La contribution à l’entretien et à l’éducation des enfants après séparation : l’intermédiation financière, le droit d’action de l’enfant majeur et le contrôle renforcé de la première chambre civile (2024-2026)
La question du versement effectif des pensions alimentaires constitue, depuis des décennies, l’une des pathologies les plus persistantes du droit de la famille. Selon une étude de la Drees, un quart des parents séparés considérés comme solvables ne s’acquittent pas de leur contribution à l’entretien et à l’éducation des enfants. Face à ce constat, le législateur a profondément renouvelé les mécanismes de paiement en instaurant l’intermédiation financière par l’Agence de recouvrement des impayés de pensions alimentaires (ARIPA), devenue de droit depuis le 1er janvier 2023 en application de l’article 100 de la loi du 23 décembre 2021 de financement de la sécurité sociale. Parallèlement, la première chambre civile de la Cour de cassation a rendu, entre 2024 et 2026, une série de décisions qui redessinent les contours de l’obligation parentale d’entretien, tant dans ses modalités de versement que dans la détermination de ses créanciers. L’arrêt du 4 mars 2026 consacrant le droit d’action propre de l’enfant majeur, et celui du 15 avril 2026 précisant l’office du juge face à l’automaticité de l’intermédiation, illustrent ce mouvement de rationalisation et de protection des créanciers alimentaires.

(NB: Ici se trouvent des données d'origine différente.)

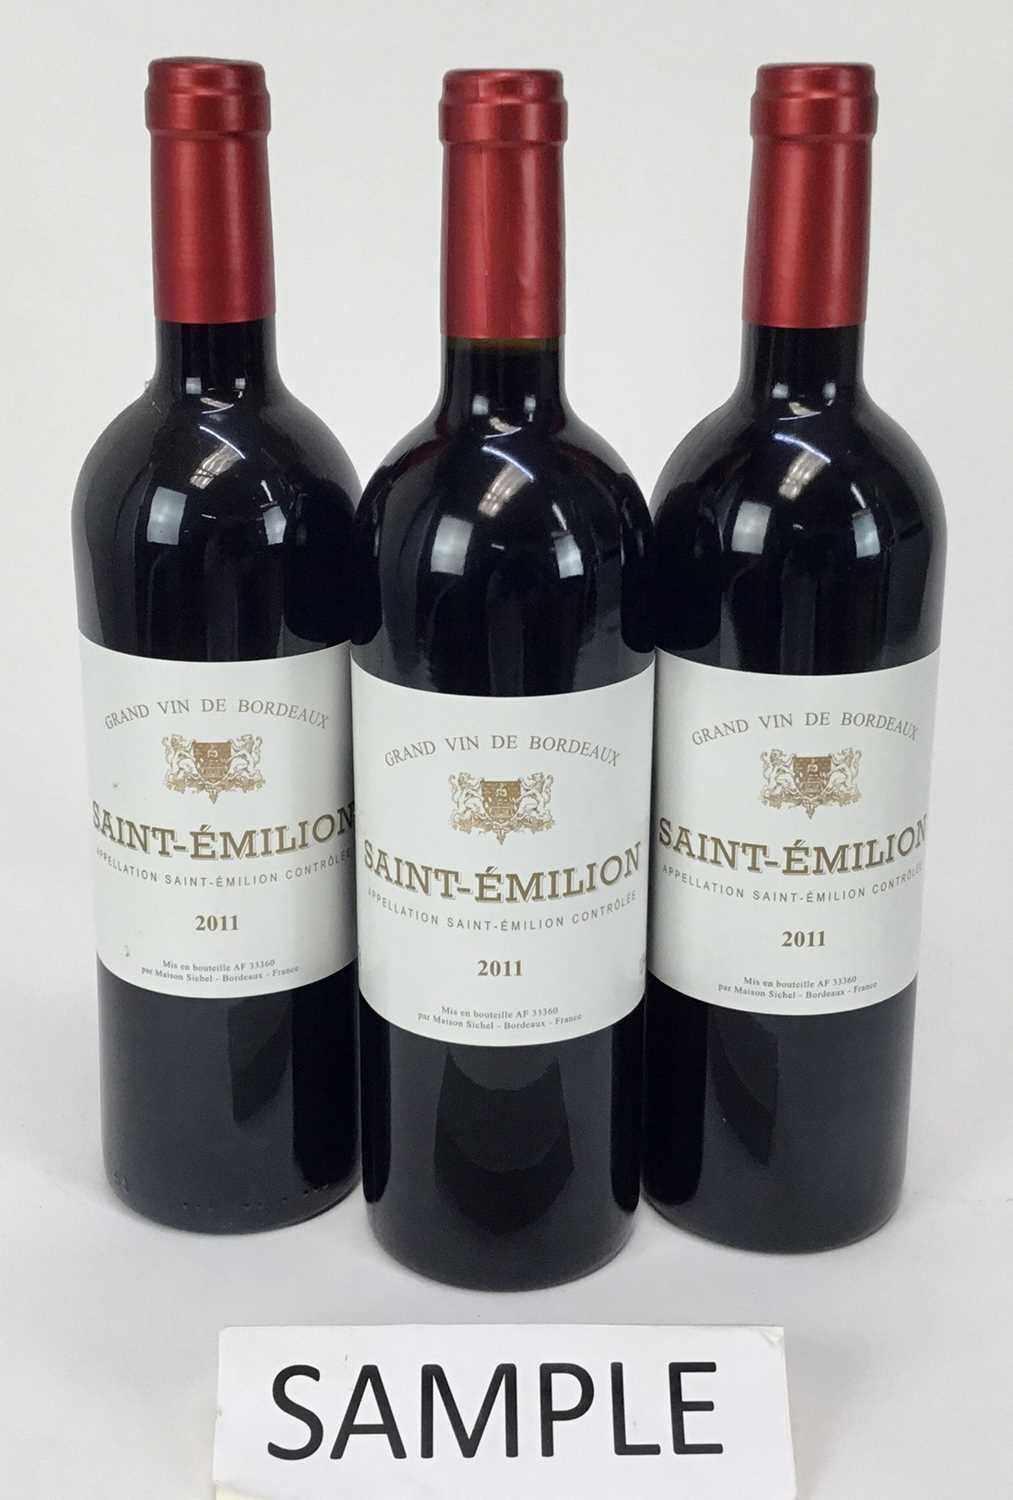 Lot 42 - Wine - twelve bottles, Grand Vin De Bordeaux Saint-Emilion 2011

I. Les nouvelles modalités de versement : de l’intermédiation financière systématique au droit d’action propre de l’enfant majeur
A. L’intermédiation financière de droit : un mécanisme protecteur désormais automatique
L’article 373-2-2, II, du Code civil, dans sa rédaction issue de la loi du 23 décembre 2021, dispose que « lorsque la pension est fixée en tout ou partie en numéraire (…) son versement par l’intermédiaire de l’organisme débiteur des prestations familiales au parent créancier est mis en place, pour la part en numéraire » (article 373-2-2 du Code civil). Ce texte crée une présomption de mise en place de l’intermédiation, à laquelle il ne peut être dérogé que dans deux hypothèses limitativement énumérées : le refus exprès des deux parents, ou la décision spécialement motivée du juge constatant l’incompatibilité avec la situation des parties.

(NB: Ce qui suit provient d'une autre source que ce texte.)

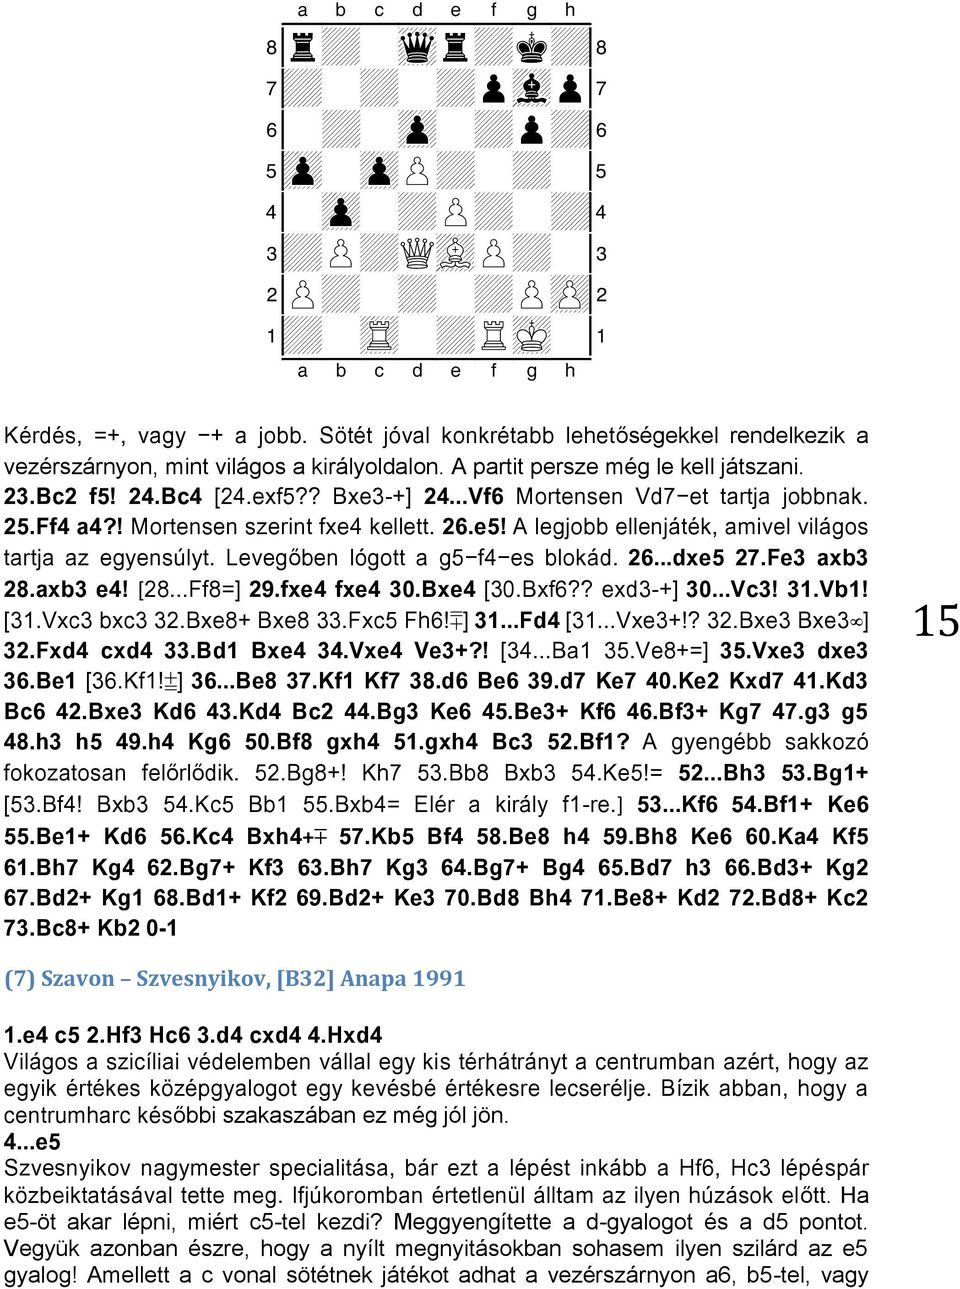 ..Vf6 Mortensen Vd7-et tartja jobbnak. 25.Ff4 a4?! Mortensen szerint fxe4 kellett. 26.e5! A legjobb ellenjáték, amivel világos tartja az egyensúlyt. Levegőben lógott a g5-f4-es blokád. 26...dxe5 27.

L’arrêt rendu par la première chambre civile le 15 avril 2026 (pourvoi n° 24-15.373, Publié au Bulletin) vient préciser la portée de ce dispositif. Dans cette affaire, le père contestait le prononcé de l’intermédiation financière au motif que la cour d’appel aurait relevé d’office ce moyen sans respecter le principe du contradictoire. La Cour de cassation rejette le pourvoi en énonçant que la cour d’appel « a relevé que les parties n’avaient pas expressément usé de la faculté visant à mettre en échec l’automaticité du mécanisme en invoquant l’une des deux dérogations prévues par l’article 373-2-2 du code civil. Elle en a déduit que ce dispositif étant désormais de droit, hors exceptions dont la mise en œuvre n’était pas sollicitée par les parties, le principe de l’intermédiation était acquis » (Civ. 1re, 15 avril 2026, n° 24-15.373).

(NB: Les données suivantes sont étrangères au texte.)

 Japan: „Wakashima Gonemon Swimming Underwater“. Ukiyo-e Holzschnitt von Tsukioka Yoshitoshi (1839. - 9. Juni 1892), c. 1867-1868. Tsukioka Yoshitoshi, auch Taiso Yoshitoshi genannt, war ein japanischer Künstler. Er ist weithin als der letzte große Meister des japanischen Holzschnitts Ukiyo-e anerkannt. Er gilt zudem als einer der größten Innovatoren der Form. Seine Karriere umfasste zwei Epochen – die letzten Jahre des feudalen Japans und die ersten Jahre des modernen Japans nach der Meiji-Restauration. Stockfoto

La Cour ajoute, de manière décisive, que le chef du dispositif attaqué – qui prononçait l’intermédiation financière – « renferme, non une décision, mais une simple constatation » qui ne donne pas ouverture à cassation. Par cette formule, la première chambre civile consacre le caractère purement déclaratif du prononcé de l’intermédiation : le juge ne décide pas de l’intermédiation, il la constate. Elle s’impose à lui comme aux parties, sauf manifestation de volonté contraire exprimée selon les formes prescrites.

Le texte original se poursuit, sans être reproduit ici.